Amazing, gun and guy
Very glad you kept it in the family


----------



## 911 (Sep 18, 2019)

hollydolly said:


> I understand that. I'm an avid Diary keeper, still in longhand, not on the computer,  and I can't tell you how many diaries I have now, and yes it's fascinating sometimes to read back, and realise how much I'd forgotten..

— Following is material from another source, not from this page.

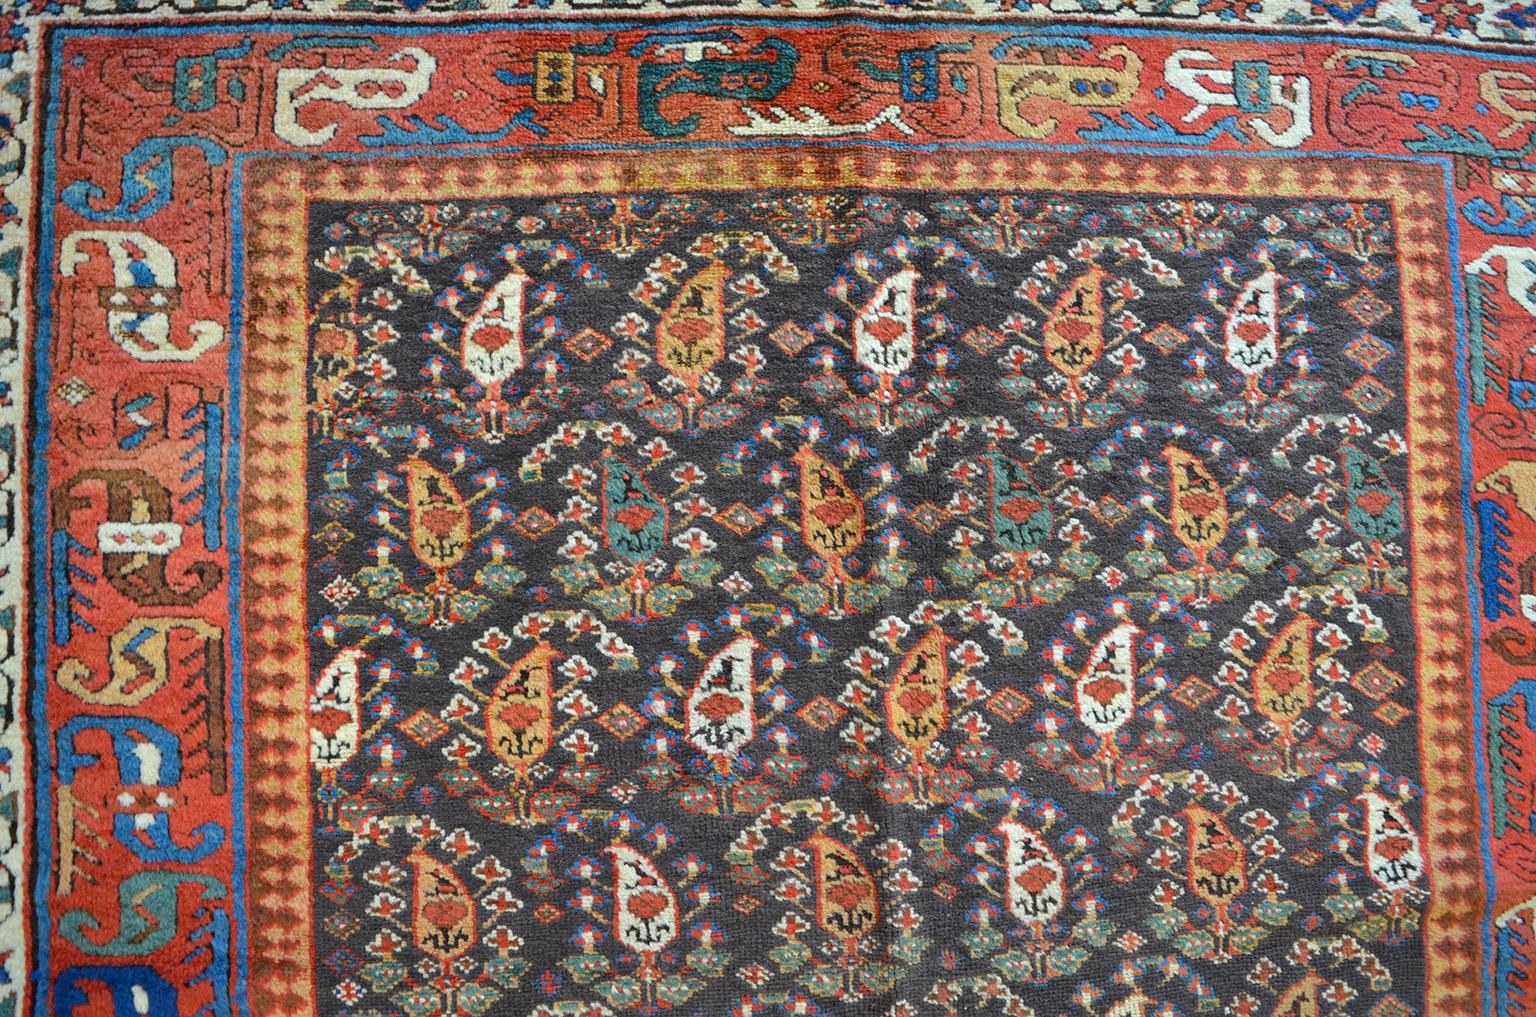 Cet ancien tapis persan du Karabagh, datant de 1870, en pure laine filée à la main, présente un motif cachemire ou

I like keeping a journal as do a lot of men, especially making journal entries about our job. As a State Trooper, there were always a lot of entries to make. Occasionally, I like to reflect back on those days when I was younger, but not as a rookie. I worked mostly third shift, so I had some slow nights, which I was also thankful for.


----------



## norman (Sep 18, 2019)

My baseball card collection...  The baseball cards were in bubble gum packs and I had at least two Mickey Mantle Cards at one time.  We carried them in our pockets to school with a rubber bands around them and traded them all the time.  The Yankees were my favorite team and I had most of the players, maybe all of them,  don't remember that was at least 70 years ago..ugg  As I lost interest we pinned them on the cloths line with a wooden cloths pin and shot them as targets then threw them away.  My next collection hobby was pocket knives, now I just collect dust.   lol     p.s.  I read that a Mickey Mantle rookie card today is worth over $50,000.00 today. lol


----------



## Victor (Oct 8, 2019)

You can try to buy your missing stuff on Ebay.
I did that. First thing I ever bought were Davy Crockett cards
that I display.


----------



## jujube (Oct 8, 2019)

I'd like to have my marbles back.  I lost them somewhere along the way.


----------



## gennie (Oct 8, 2019)

Wish I still had:  complete set of Foxfire books, and my vinyl records.


----------



## peppermint (Oct 14, 2019)

I have a great collection of pictures....I mostly love the one I'll show....My Dad..  My Hero....Passed away at 87 years old...
He looks so like my brother....My brother is younger then me....I discovered this picture in a large box of papers....
Love You Dad, Always....


----------



## moviequeen1 (Oct 18, 2019)

In the 60's and 70's had a collection of LP's I played on a stereo record player
I never thought  the LP would make a 'comeback' like it has past couple of yrs
I guess 'what's old is new again'


----------